Our get togethers are generally a family picnic in August, and a Christmas Eve party. I've attended most weddings, showers, and anniversaries when possible, but sometimes the physical distance makes it difficult to connect.
I found myself, waxing a bit sentimental on this walk. While with them, I took a moment to notice that I was actually with my brothers and sisters. Not at a party, where it's comparable to speed dating. Sort of a speed catch-up with relatives, "Oh, you lost your job? You had surgery? Your wife left you?" Some of these things said, some unsaid.
But we were actually walking on a beach, together. As we strolled, I turned to notice that my sister was with her husband, smiling, and behaving rather playfully. These past few years, she has been sick with a blood disorder, balancing living with pain and other physical ailments. But it was a moment of joy seeing her being happy, with people she loved, and that loved her.
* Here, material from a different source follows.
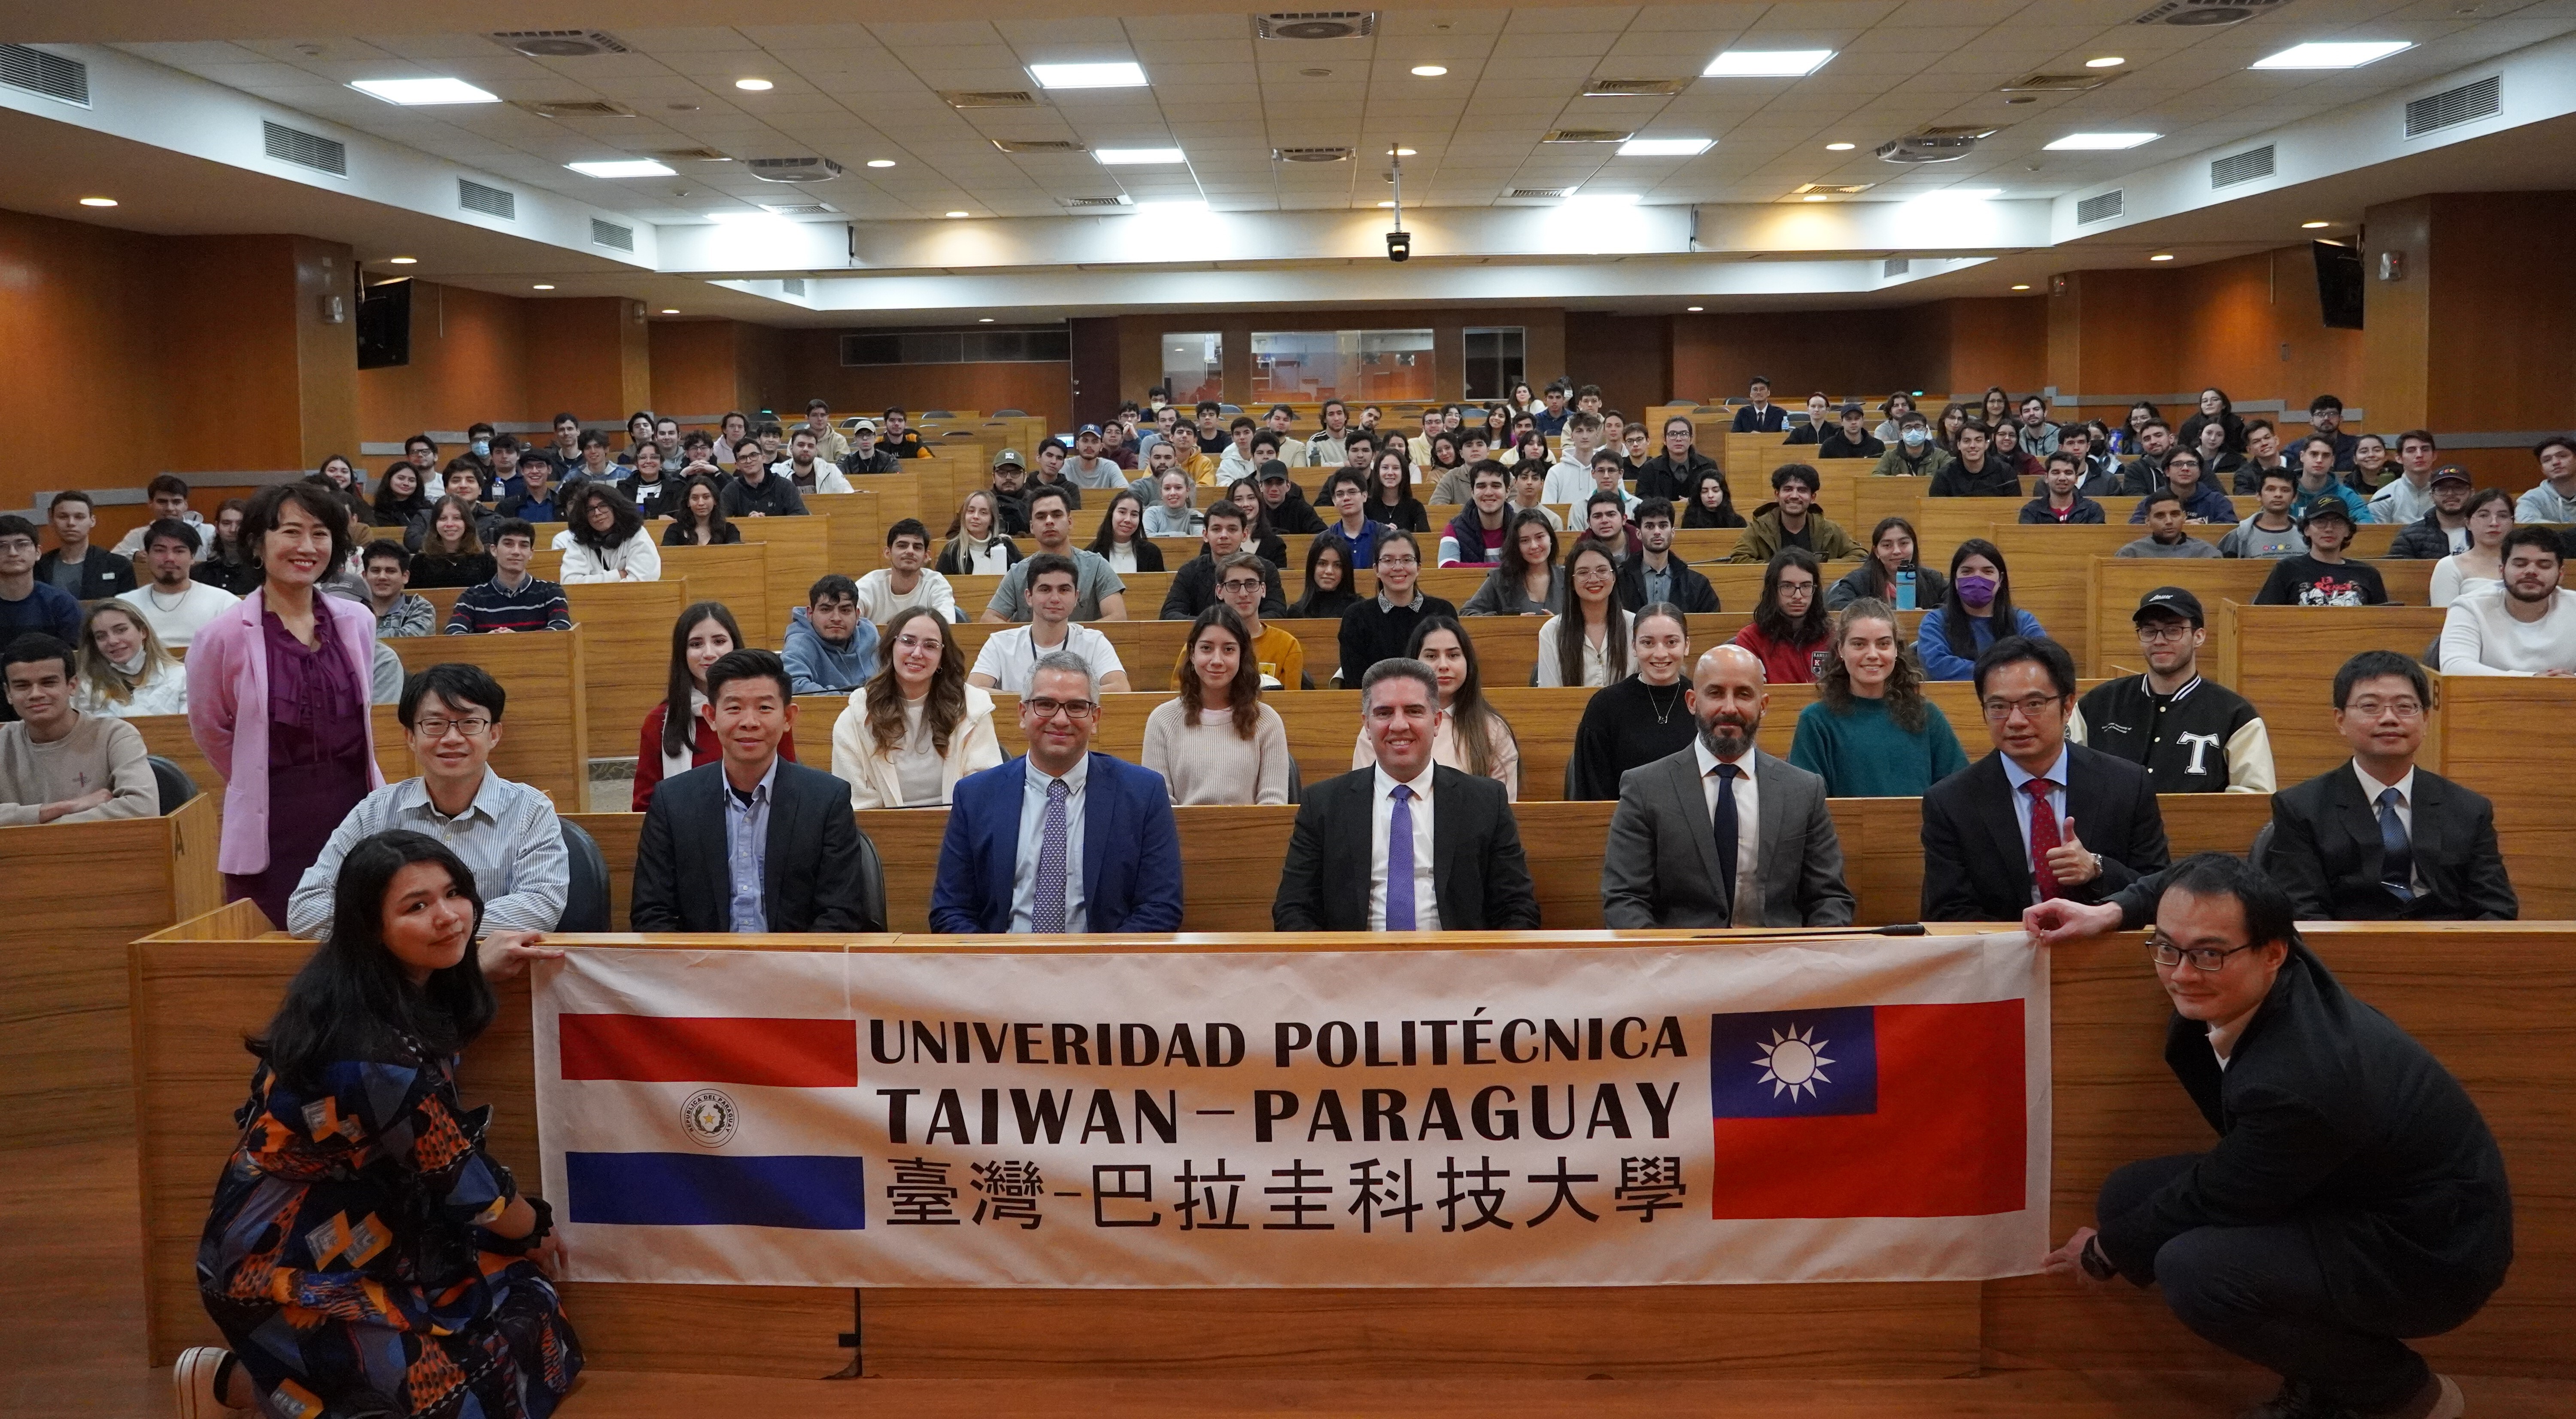 The delegation of Paraguay’s Minister of Information and Communication Technologies took a group photo with Paraguayan students.

I spent much of my childhood at my sister's home. She had the generosity to include myself, and my brother in her life. She is several years older than I, and although she had her own family, we were with them a good portion of the time. She fed us, entertained us, and included us in her life. I will always be grateful for this time given, and will never be able to repay such kindness.
My sister hasn't shared much in regards to the pain this disease brings her. Sometimes I see it, other times, she hides the pain. She is in the hospital right now, I've not known to rush up the interstate, or wait until a "good time to go." Never seems to be such a time.
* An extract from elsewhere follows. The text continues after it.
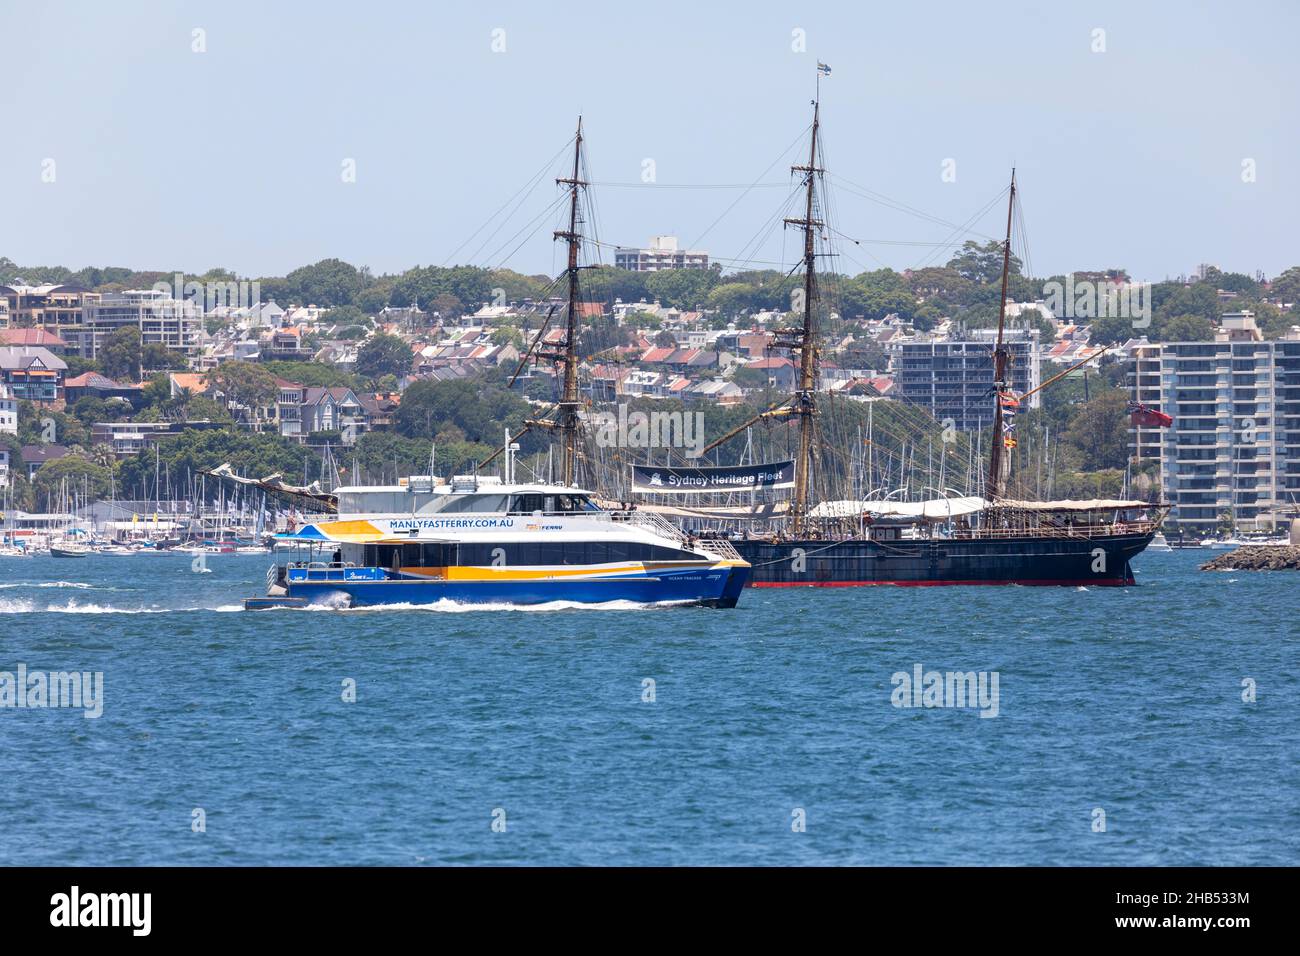 Barque 1874 tall ship the James Craig passes a Sydney ferry, the Manly fast ferry, on Sydney Harbour,NSW,Australia Stock Photo

I know that God is the author of all our stories, and hers like most, has been one of joy and pain. My prayer for her is that she will be given the strength to endure the pain, and feel the joy that may seem too difficult to experience during this time.
2 comments:
Well said, Nancy. My thoughts and emotions have been in similar spaces, after I recently got to hang out with a brother and sis-in-law. It was a special experience.
You're one to talk about someone taking my computer, Once-a-Month Blogger. I'm glad you got to spend some good time with your family. I miss you. Let's talk soon.